Exercise goal. Go through the listing below, and from the line containing "Metis Yayıncılık Hasretin" through its last line, transcribe every line exactly, skipping pictures.

Input data.
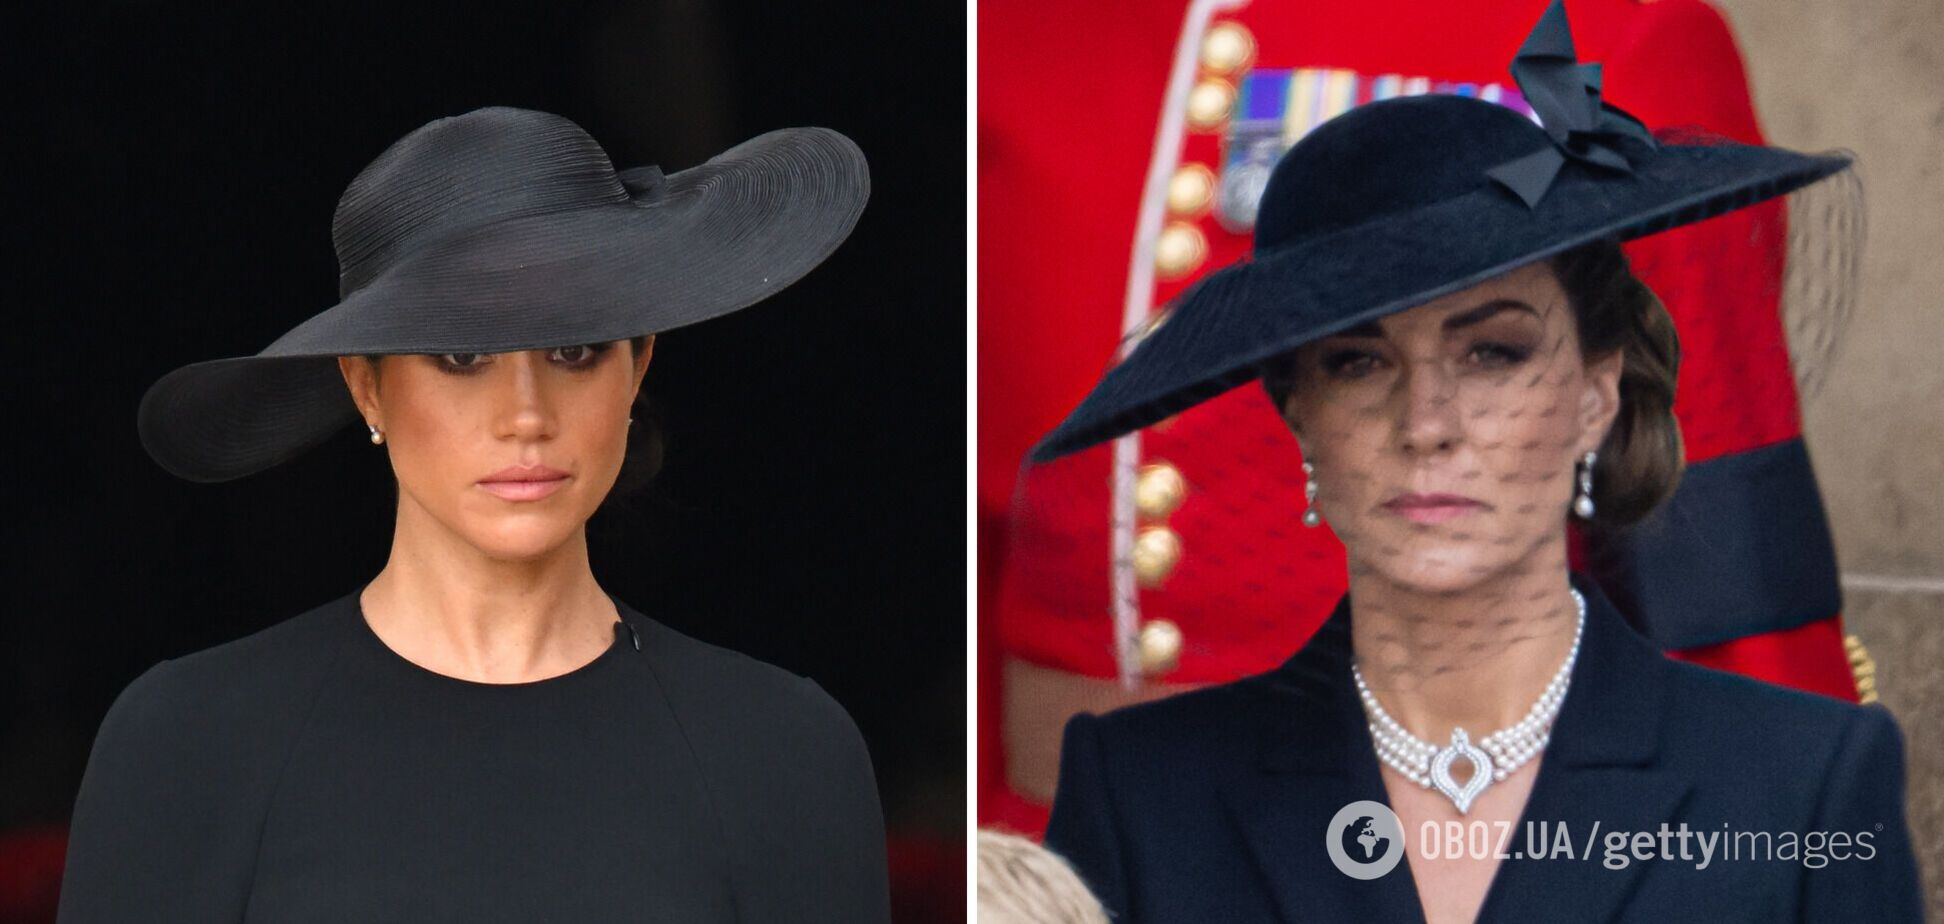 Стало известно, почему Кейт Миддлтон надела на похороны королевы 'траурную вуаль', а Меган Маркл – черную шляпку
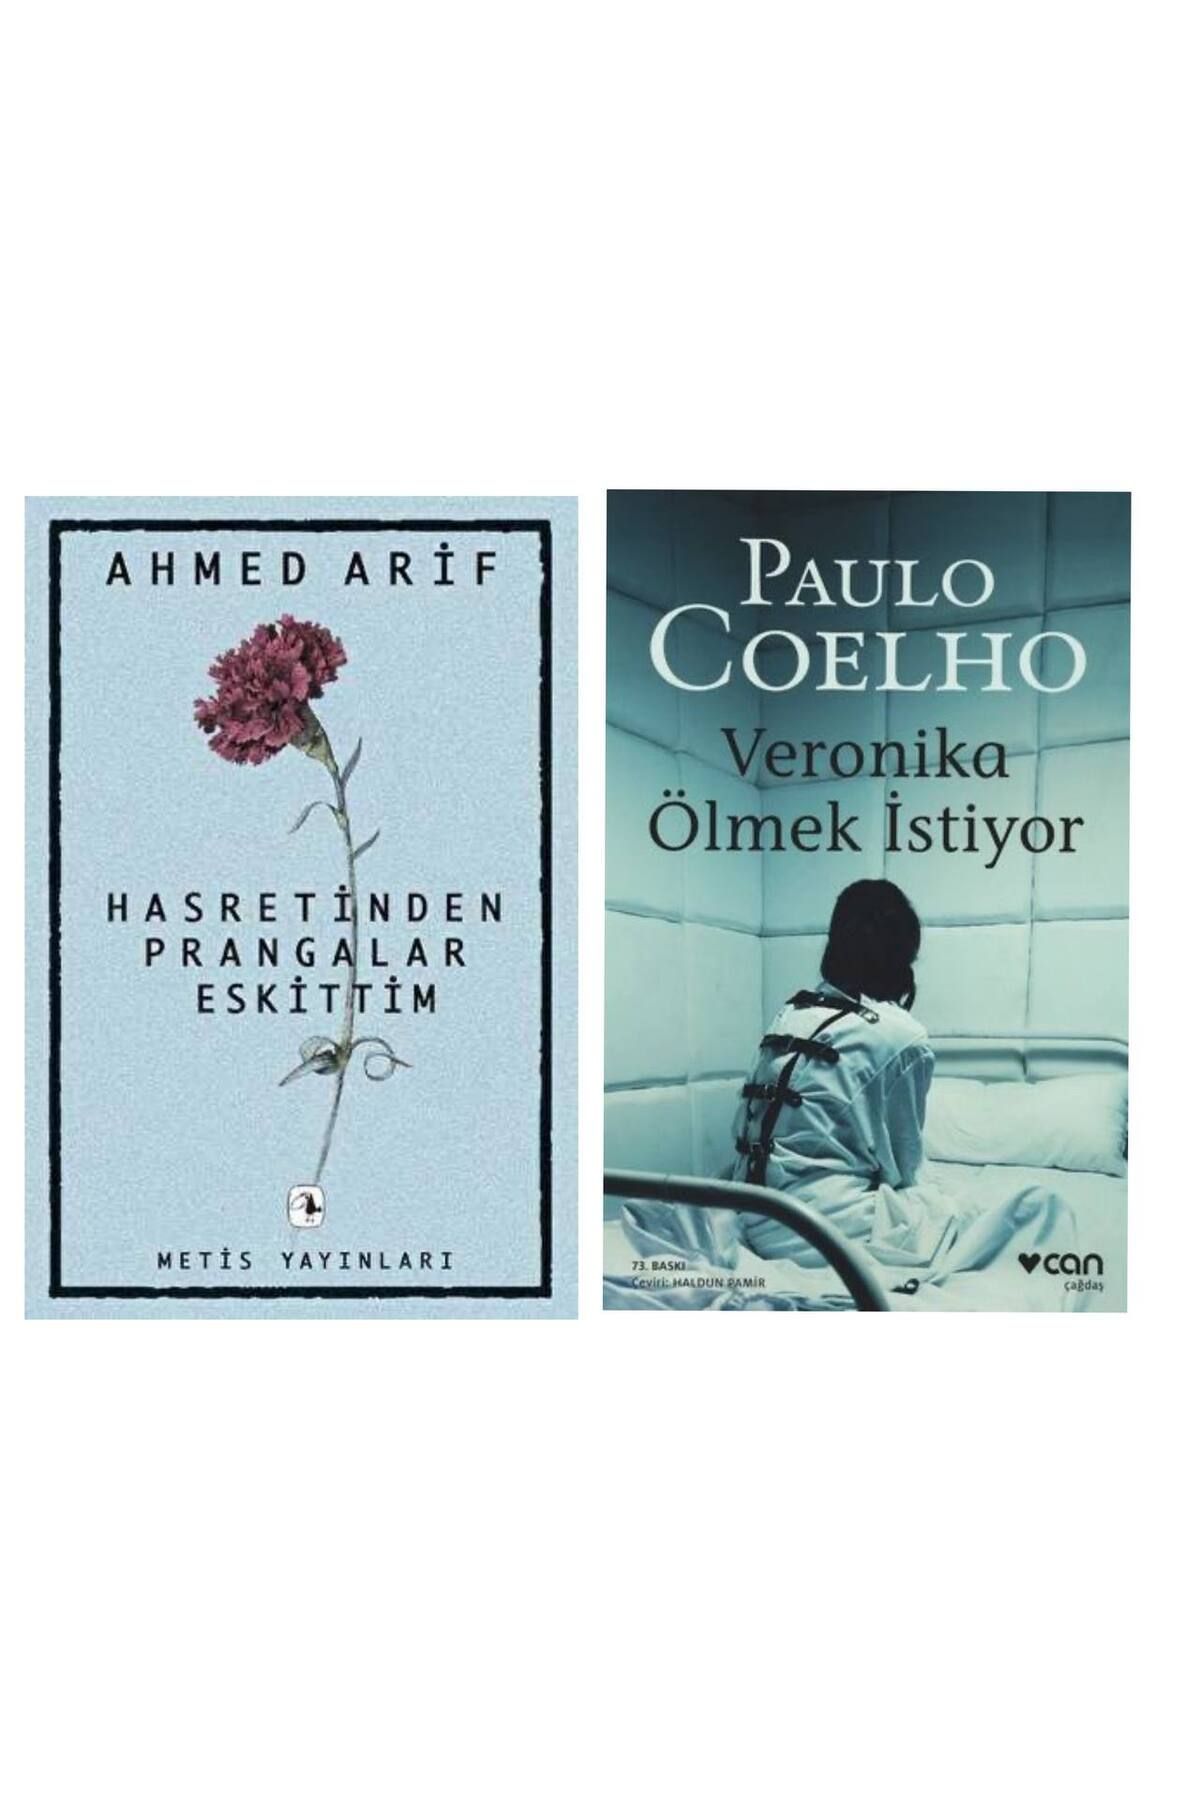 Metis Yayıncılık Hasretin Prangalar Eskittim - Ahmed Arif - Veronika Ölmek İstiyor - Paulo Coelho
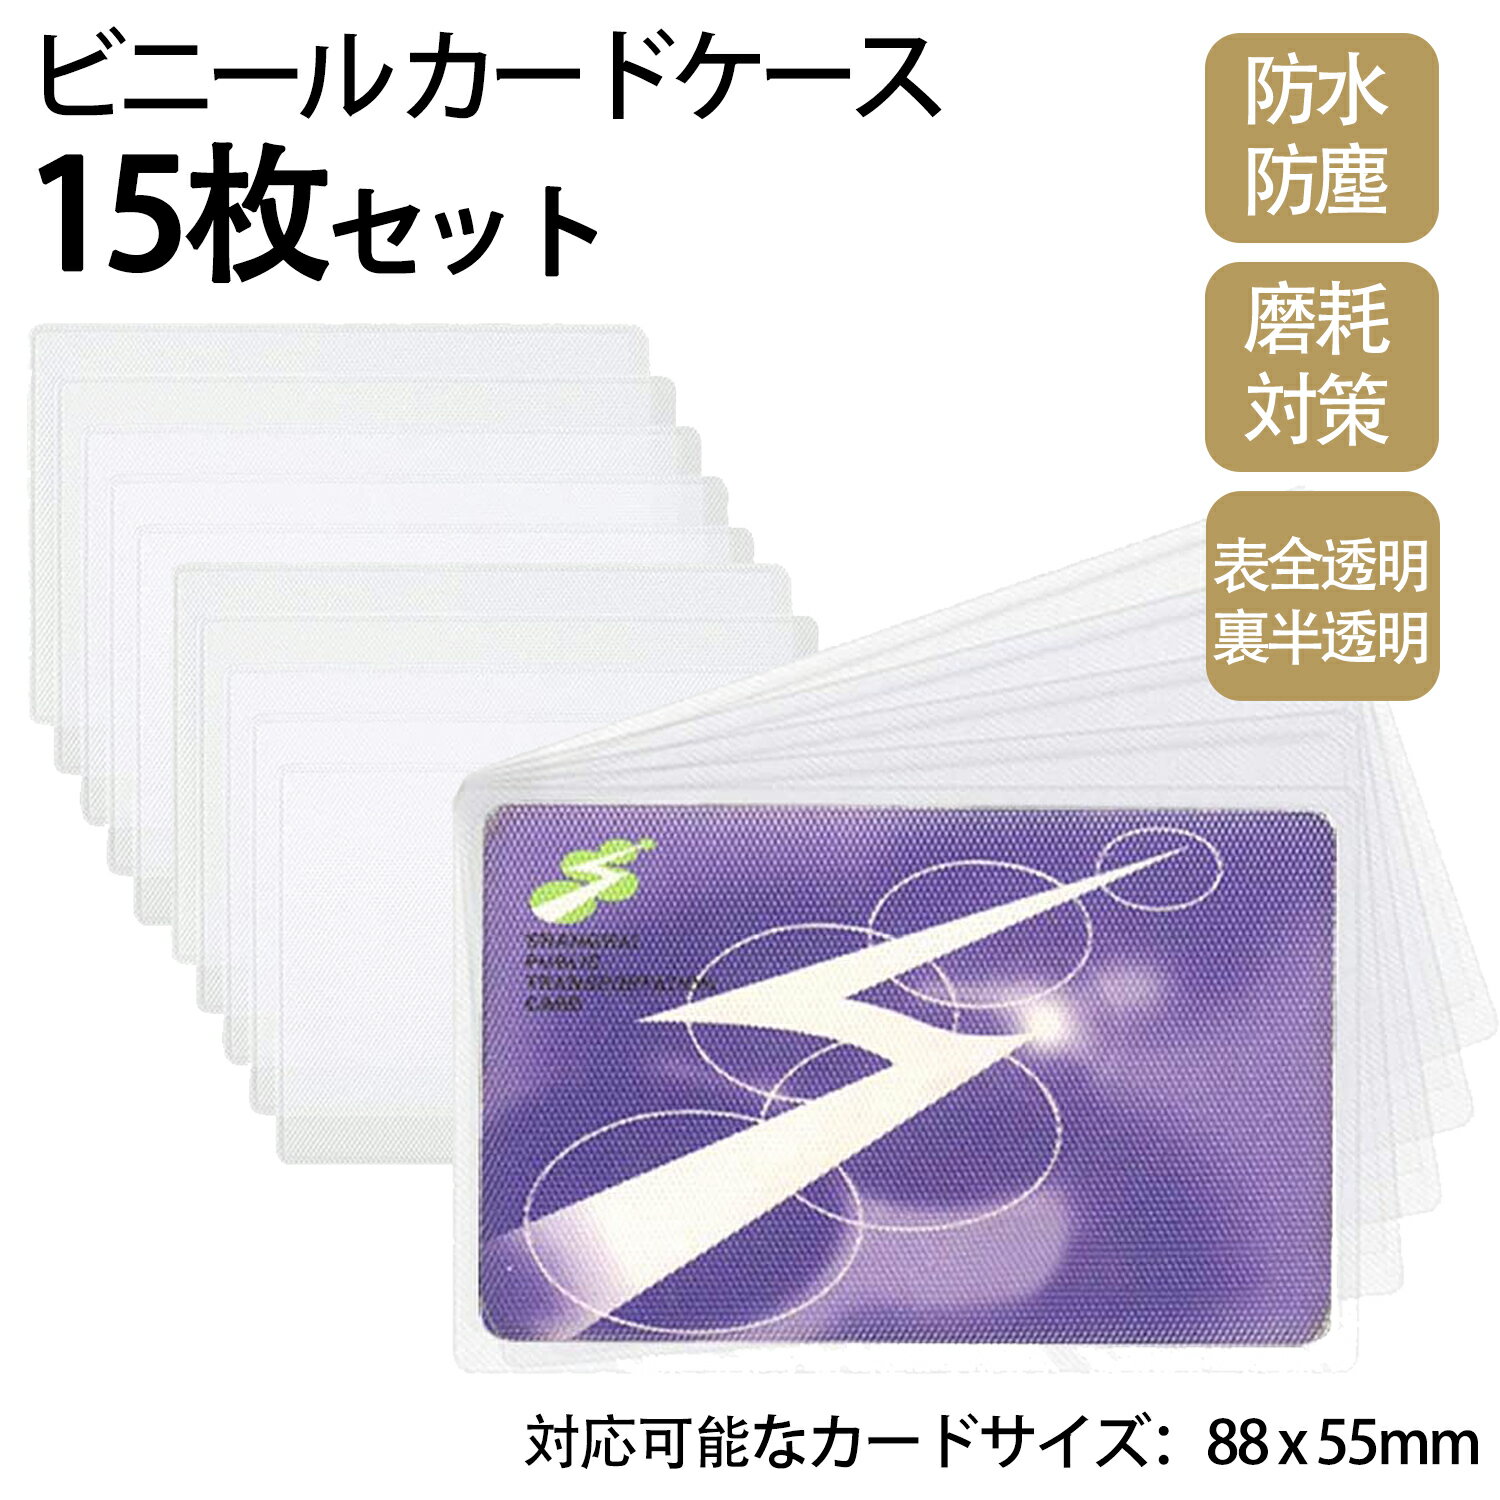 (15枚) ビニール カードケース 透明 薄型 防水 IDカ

Your solution.
 Metis Yayıncılık Hasretin Prangalar Eskittim - Ahmed Arif - Veronika Ölmek İstiyor - Paulo Coelho
 (15枚) ビニール カードケース 透明 薄型 防水 IDカ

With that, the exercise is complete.